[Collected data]
= Beginning of Section =
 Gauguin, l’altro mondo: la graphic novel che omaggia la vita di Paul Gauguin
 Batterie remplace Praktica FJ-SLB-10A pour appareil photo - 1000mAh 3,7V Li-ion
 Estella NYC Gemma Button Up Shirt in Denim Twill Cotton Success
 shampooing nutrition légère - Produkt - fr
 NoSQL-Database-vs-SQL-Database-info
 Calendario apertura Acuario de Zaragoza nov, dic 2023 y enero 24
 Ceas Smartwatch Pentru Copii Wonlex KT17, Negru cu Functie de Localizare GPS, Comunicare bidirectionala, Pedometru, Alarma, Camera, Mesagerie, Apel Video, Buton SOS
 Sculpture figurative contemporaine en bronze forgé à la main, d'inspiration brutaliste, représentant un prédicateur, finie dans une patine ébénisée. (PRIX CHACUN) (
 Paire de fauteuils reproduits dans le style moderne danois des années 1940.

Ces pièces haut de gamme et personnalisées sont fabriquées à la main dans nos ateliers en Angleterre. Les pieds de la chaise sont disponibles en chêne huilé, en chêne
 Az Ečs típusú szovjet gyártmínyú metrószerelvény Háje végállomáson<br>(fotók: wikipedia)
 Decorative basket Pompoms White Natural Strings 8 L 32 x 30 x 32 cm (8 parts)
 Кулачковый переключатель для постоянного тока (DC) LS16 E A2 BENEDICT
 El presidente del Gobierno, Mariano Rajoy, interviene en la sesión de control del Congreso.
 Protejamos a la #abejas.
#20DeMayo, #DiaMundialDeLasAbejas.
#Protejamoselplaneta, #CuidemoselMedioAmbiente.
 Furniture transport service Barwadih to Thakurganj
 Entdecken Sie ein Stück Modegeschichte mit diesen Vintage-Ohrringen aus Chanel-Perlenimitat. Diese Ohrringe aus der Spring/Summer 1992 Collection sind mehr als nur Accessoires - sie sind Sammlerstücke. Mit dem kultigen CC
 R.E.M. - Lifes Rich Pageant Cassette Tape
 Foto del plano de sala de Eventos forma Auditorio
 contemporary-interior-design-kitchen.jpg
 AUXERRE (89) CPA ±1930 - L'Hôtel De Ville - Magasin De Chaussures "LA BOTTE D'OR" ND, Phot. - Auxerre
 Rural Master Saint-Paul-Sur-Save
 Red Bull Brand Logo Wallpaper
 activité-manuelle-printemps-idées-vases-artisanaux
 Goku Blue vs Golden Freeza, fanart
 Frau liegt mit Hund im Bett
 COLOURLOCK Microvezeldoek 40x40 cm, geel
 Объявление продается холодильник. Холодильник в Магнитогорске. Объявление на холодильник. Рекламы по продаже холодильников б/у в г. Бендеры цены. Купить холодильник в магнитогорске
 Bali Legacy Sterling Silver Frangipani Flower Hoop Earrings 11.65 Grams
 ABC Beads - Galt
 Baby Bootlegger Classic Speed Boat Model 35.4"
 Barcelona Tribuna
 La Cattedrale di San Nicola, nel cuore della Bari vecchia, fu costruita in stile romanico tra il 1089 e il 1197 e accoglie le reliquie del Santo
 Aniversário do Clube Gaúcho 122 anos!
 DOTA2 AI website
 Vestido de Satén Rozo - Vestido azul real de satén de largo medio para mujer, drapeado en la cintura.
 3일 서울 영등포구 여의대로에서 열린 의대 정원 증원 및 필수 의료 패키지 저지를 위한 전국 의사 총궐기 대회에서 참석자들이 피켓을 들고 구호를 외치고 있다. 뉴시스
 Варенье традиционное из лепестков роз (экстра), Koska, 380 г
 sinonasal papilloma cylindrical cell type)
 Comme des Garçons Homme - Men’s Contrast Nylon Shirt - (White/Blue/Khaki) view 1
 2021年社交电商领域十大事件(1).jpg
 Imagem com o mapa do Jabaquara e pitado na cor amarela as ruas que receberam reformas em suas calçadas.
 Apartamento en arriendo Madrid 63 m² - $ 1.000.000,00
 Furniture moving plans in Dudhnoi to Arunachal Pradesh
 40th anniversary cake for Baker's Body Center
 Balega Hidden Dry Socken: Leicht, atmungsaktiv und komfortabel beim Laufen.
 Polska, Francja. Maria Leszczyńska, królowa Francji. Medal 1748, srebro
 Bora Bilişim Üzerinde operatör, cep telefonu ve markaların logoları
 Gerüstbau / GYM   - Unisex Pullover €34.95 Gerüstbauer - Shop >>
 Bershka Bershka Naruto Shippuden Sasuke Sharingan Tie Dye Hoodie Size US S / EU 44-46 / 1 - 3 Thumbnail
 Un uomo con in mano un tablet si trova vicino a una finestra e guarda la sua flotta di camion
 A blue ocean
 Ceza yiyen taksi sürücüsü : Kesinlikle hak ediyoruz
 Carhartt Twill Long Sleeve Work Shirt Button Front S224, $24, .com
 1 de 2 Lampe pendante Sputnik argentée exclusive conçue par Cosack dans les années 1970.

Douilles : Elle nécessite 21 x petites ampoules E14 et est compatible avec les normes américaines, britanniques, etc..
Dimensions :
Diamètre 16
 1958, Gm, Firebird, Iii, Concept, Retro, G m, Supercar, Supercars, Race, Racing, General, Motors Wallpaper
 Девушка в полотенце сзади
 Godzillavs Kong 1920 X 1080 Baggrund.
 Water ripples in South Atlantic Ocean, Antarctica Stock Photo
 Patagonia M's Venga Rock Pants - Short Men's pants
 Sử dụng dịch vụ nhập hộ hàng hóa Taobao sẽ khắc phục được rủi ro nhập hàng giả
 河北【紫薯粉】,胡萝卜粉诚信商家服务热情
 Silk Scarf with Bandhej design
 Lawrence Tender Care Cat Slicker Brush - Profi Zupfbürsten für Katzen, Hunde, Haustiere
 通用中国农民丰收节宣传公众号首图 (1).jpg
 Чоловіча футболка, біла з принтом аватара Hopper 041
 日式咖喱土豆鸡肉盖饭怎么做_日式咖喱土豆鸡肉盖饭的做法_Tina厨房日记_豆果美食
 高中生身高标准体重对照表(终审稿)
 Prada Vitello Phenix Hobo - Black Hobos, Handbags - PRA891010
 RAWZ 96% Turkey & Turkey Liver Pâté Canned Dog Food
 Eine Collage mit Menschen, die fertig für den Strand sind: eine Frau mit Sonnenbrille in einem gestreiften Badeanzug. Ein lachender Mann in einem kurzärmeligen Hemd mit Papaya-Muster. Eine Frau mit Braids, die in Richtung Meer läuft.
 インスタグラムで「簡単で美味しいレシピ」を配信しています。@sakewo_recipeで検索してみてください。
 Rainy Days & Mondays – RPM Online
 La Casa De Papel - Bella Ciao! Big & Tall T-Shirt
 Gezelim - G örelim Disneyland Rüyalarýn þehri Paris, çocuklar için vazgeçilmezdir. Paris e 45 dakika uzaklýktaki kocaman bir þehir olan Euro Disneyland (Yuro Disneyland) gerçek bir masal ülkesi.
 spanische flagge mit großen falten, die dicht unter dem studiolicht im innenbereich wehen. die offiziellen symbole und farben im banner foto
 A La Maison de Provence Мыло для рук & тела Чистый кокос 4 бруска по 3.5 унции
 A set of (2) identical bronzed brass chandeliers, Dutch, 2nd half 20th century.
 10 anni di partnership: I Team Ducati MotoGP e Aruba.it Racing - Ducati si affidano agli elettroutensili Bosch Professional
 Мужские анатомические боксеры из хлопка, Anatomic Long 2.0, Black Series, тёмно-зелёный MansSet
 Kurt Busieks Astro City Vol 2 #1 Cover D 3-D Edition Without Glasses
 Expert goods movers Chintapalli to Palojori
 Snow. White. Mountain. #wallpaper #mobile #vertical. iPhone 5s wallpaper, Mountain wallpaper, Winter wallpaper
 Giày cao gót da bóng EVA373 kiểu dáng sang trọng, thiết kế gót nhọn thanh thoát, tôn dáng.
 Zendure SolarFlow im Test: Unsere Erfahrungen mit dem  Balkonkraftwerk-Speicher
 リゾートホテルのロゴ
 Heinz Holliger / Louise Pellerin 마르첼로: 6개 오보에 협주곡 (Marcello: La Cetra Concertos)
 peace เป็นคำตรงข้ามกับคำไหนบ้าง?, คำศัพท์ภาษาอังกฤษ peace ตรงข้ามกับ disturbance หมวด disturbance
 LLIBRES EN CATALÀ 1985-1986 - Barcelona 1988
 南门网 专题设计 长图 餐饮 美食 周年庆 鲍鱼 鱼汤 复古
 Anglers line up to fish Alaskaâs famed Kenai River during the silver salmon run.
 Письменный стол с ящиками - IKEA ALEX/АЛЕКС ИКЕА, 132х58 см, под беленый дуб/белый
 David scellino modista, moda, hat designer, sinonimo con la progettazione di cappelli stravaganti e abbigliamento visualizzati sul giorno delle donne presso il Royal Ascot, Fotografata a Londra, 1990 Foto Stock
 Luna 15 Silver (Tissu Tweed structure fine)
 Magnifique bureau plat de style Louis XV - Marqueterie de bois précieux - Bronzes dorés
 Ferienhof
= End of Section =
What is required:
Give the lines again, exactly as they stand, from the beginning of the data through the line with "shampooing nutrition légère - Produkt - fr".

The answer:
 Gauguin, l’altro mondo: la graphic novel che omaggia la vita di Paul Gauguin
 Batterie remplace Praktica FJ-SLB-10A pour appareil photo - 1000mAh 3,7V Li-ion
 Estella NYC Gemma Button Up Shirt in Denim Twill Cotton Success
 shampooing nutrition légère - Produkt - fr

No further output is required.